YOUR TASK —
Among the entries that follow, locate the line with "Condo Apt For" and the line with "Lightweight Foldable Steel". Output those lines and all lines in between, exactly, minus the pictures.

LISTED ENTRIES —
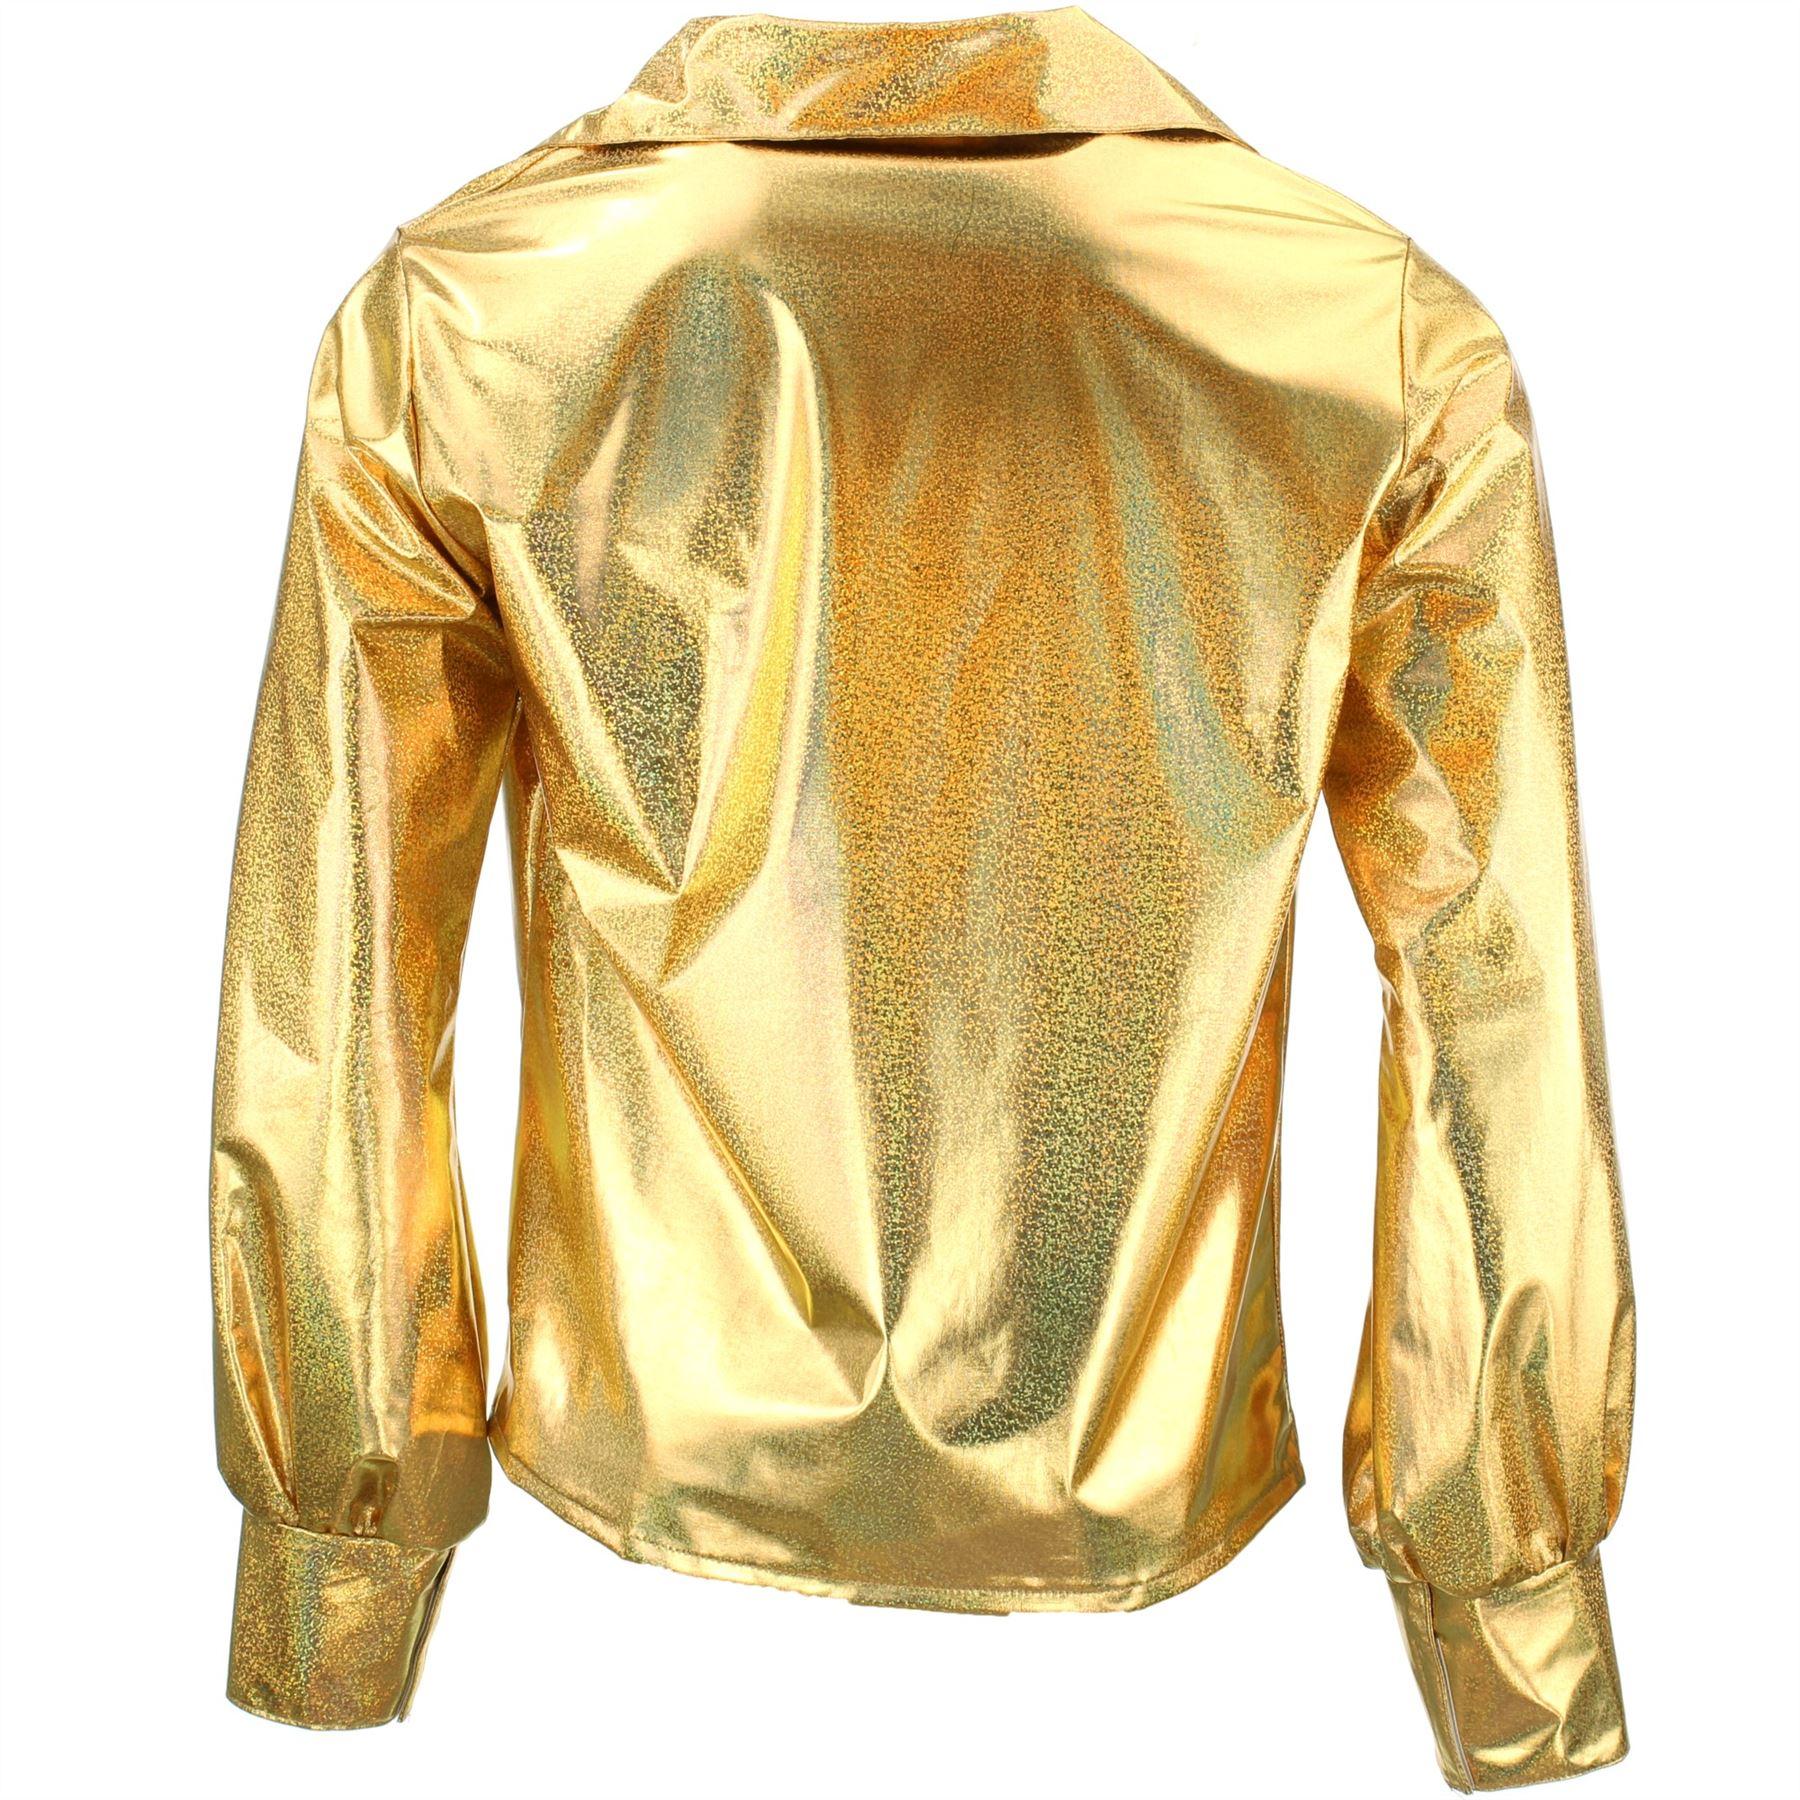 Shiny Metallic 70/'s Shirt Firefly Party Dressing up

* * *

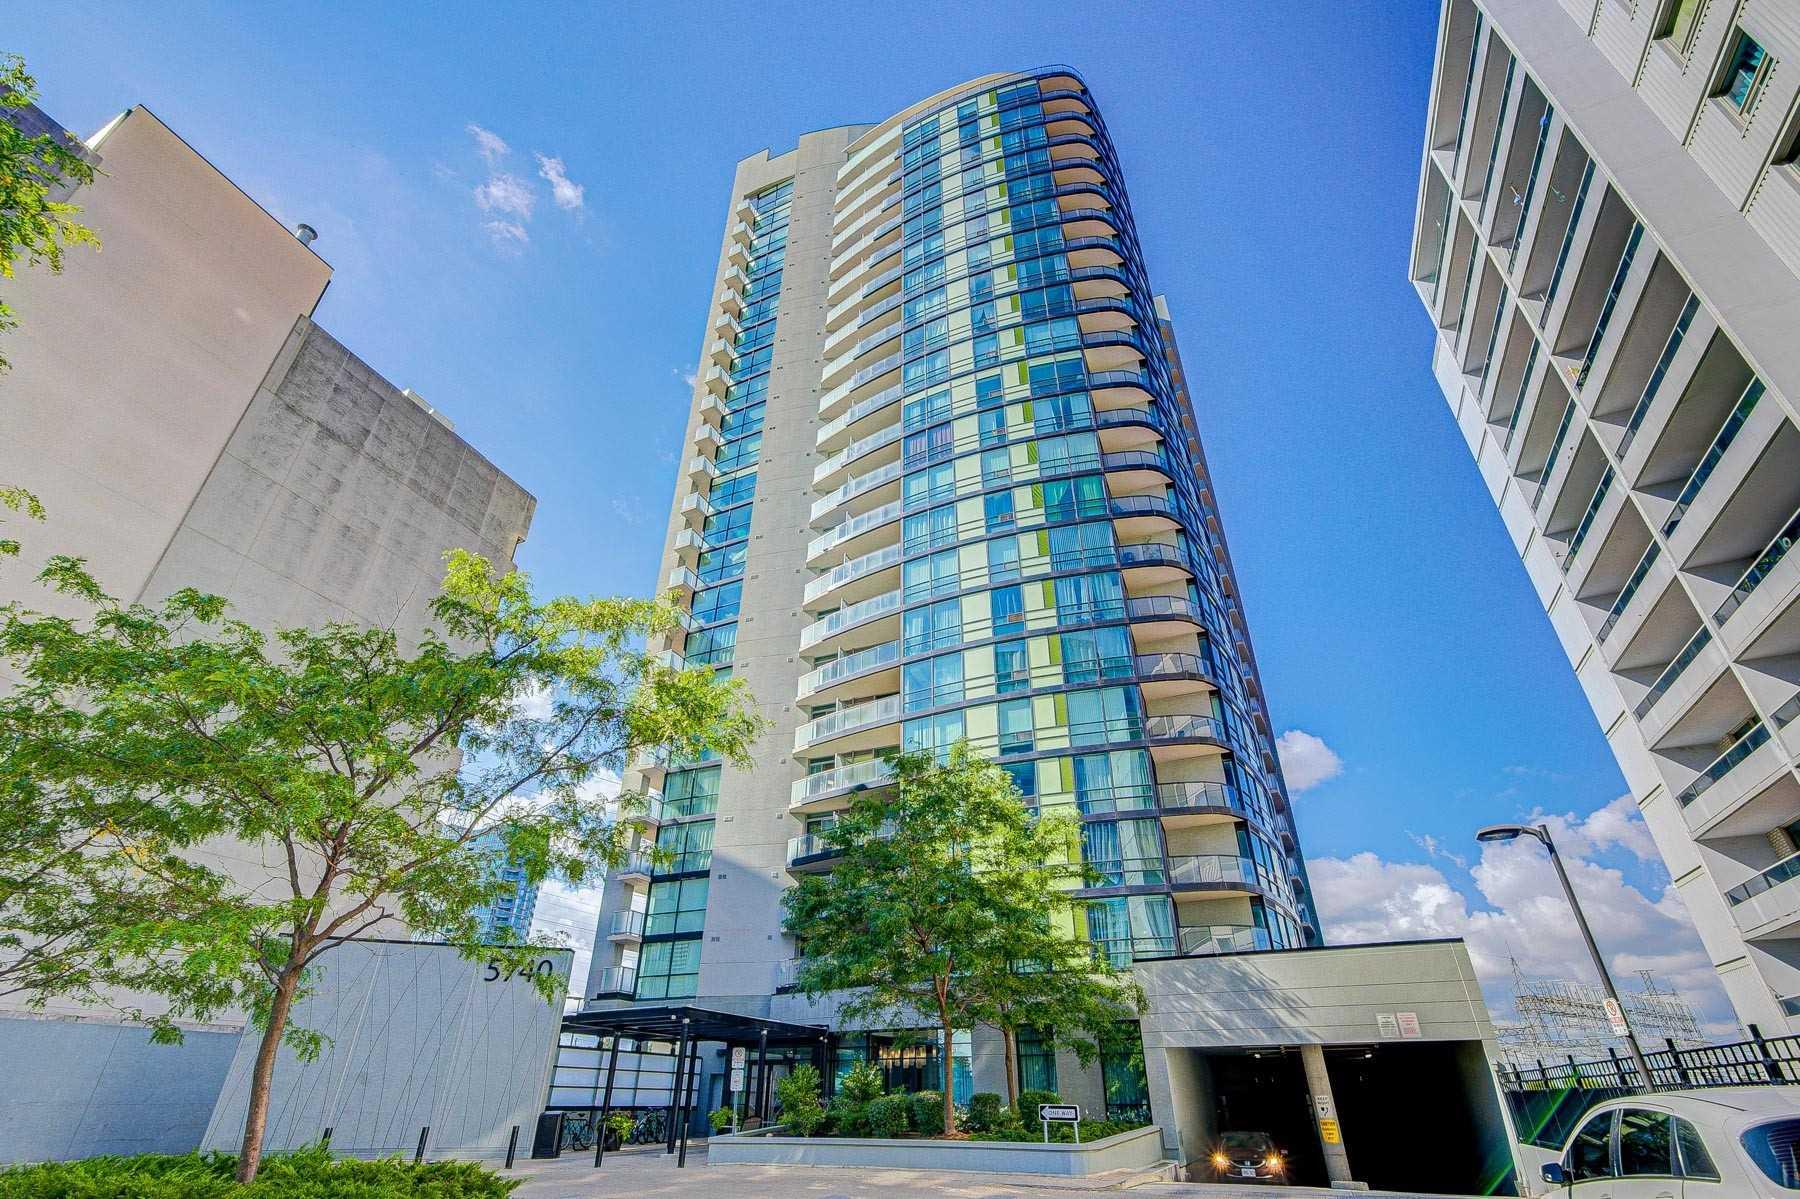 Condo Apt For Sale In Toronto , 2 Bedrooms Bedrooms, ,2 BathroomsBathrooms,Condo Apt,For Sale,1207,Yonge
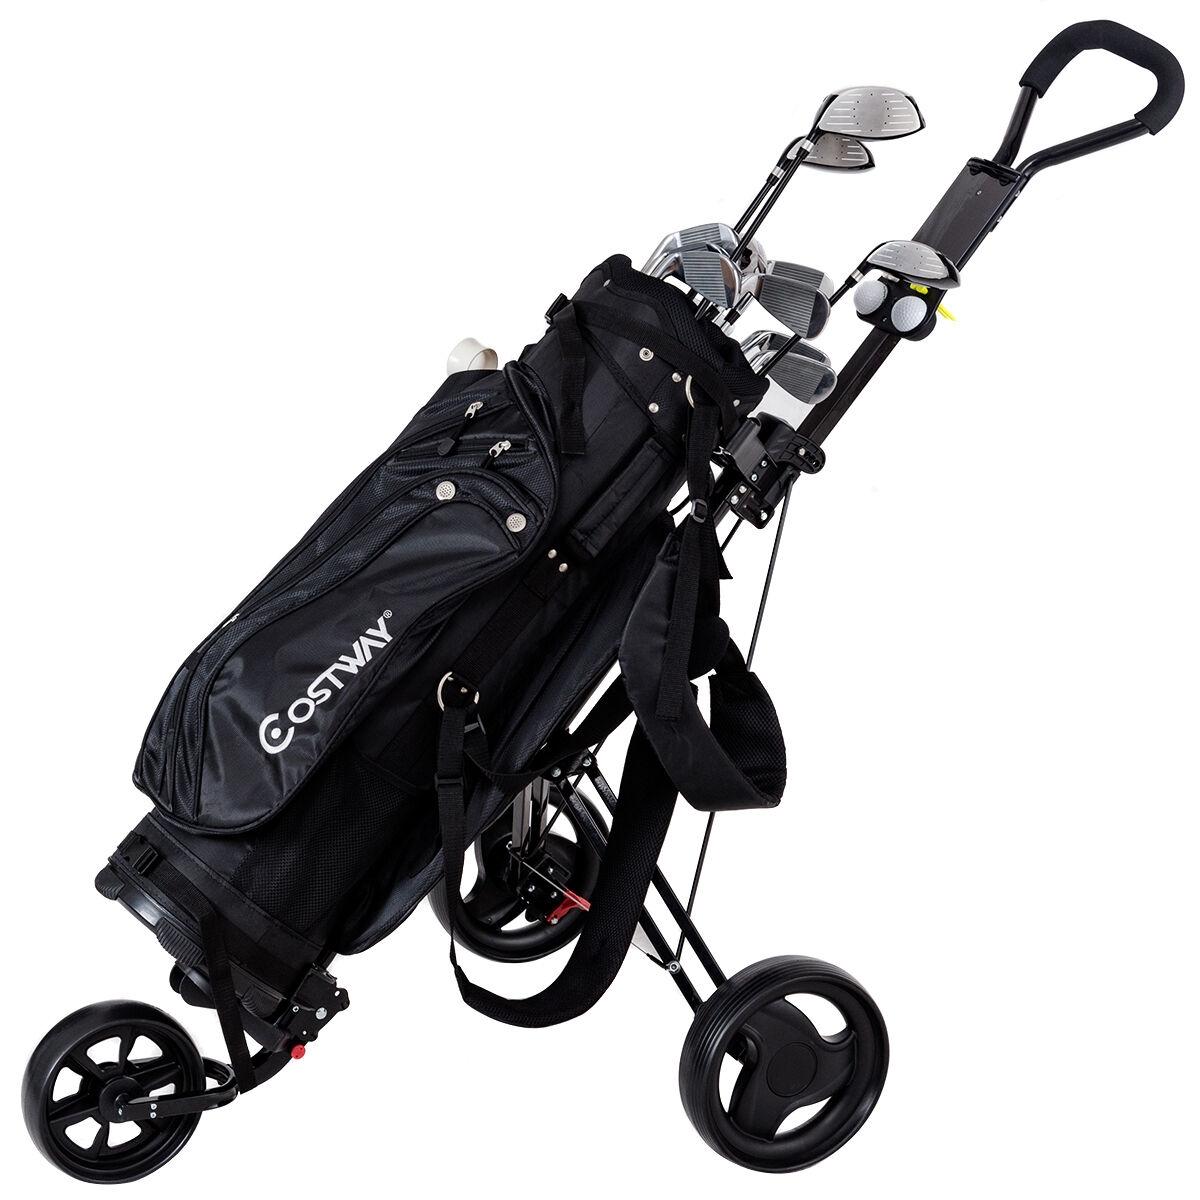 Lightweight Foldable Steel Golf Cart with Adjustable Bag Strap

ANSWER SPACE —
 Condo Apt For Sale In Toronto , 2 Bedrooms Bedrooms, ,2 BathroomsBathrooms,Condo Apt,For Sale,1207,Yonge
 Lightweight Foldable Steel Golf Cart with Adjustable Bag Strap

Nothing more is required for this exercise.